Over subsequent decades “el Maestro”, as his compatriots came to refer to him, wrote thousands of influential essays, short stories and magazine articles. But he published only three novels. Those were enough, though, to win him the Cervantes Prize, the most coveted award among Spanish-language writers, in 1984. His lack of published output, he explained, was because he had a tendency to burn in the afternoon what he had written in the morning – it was not that he was making a point of “being existentialist”. He suffered from depression – nothing really mattered, good or bad. “It may be because I considered that all my work was imperfect, impure, and I found that fire was purifying,” he once said.

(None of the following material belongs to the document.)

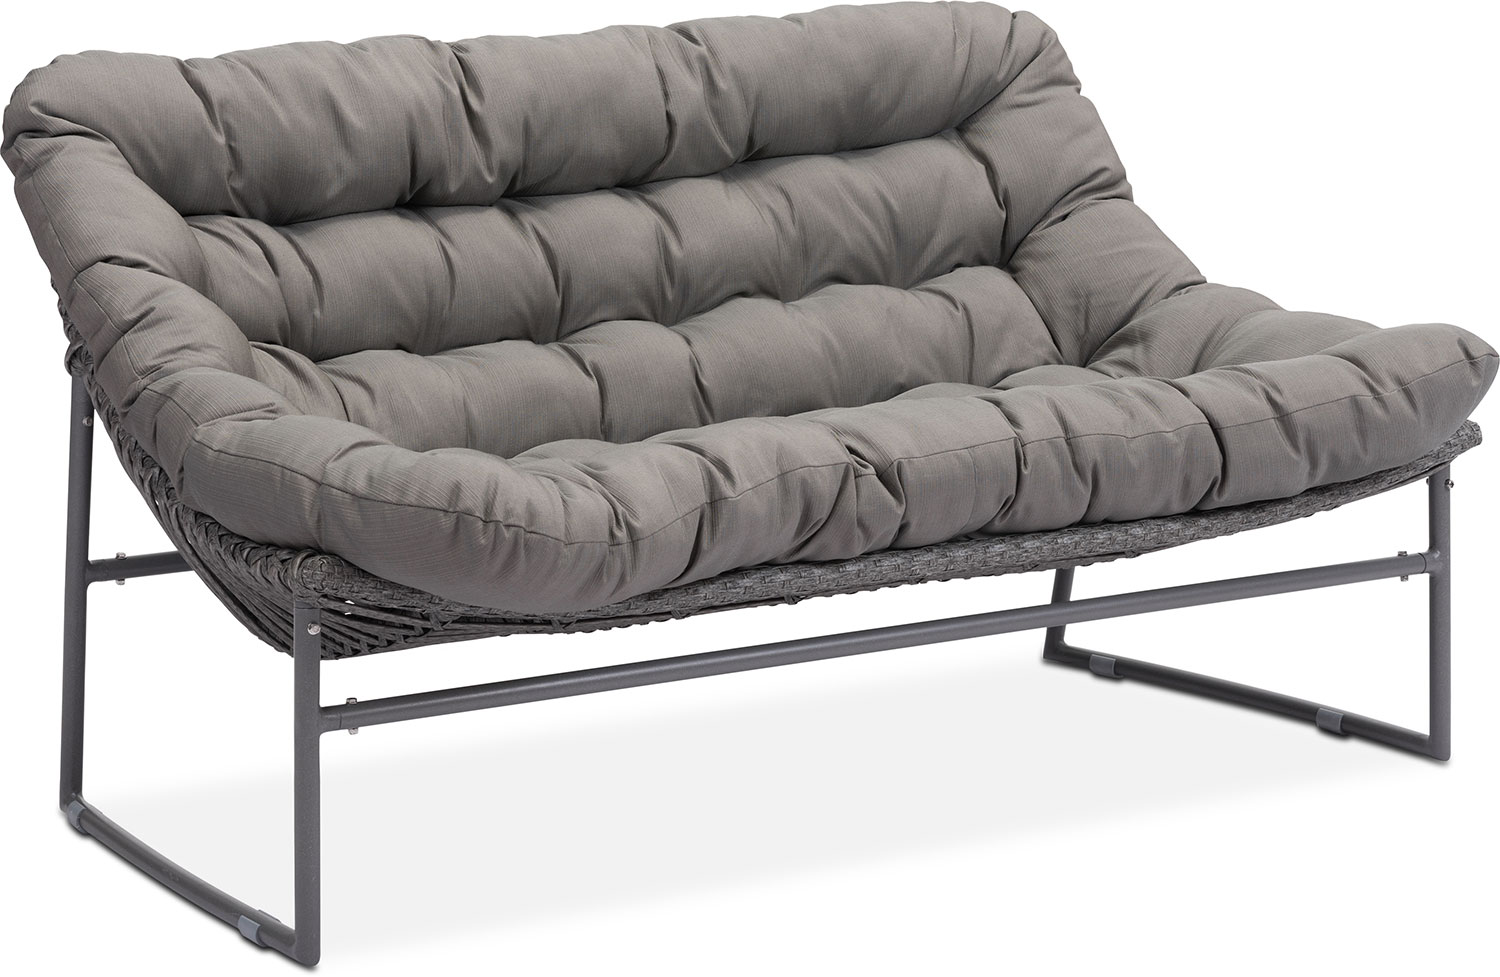 Alexa Outdoor Sofa - Gray | Value City Furniture and Mattresses

It was Sábato’s first novel, El Túnel (The Tunnel, 1948), that brought him to the attention of writers such as Camus and Sartre. A dark, psychological novel relating the confessions of a painter, Juan Pablo Castel, who has murdered the only woman who ever understood him, it is considered a existentialist classic. Camus praised its “arid intensity” and ensured that it was published in French, while it has recently been republished by Penguin Modern Classics. His later books, Of Heroes and Tombs (1962) and The Angel of Darkness (1974), put him on a par, in the eyes of Spanish-language critics, with his compatriot Jorge Luis Borges, although the latter would gain more international fame. The great Chilean poet Pablo Neruda once said: “Sábato’s writing shows greater vitality and imagination that anything since the great Russian novels of the 19th century.”
In 1987 France recognised Sábato’s work by appointing him a Commander of the Légion d’honneur.
Ernesto Sábato’s wife, Matilde (née Kusminsky-Richter), whom he married in 1936, died in 1998. His eldest son, Jorge, died in a road accident in 1995. He is survived by his younger son, Mario, a well-known filmmaker, and his companion of several years, Elvira González Fraga.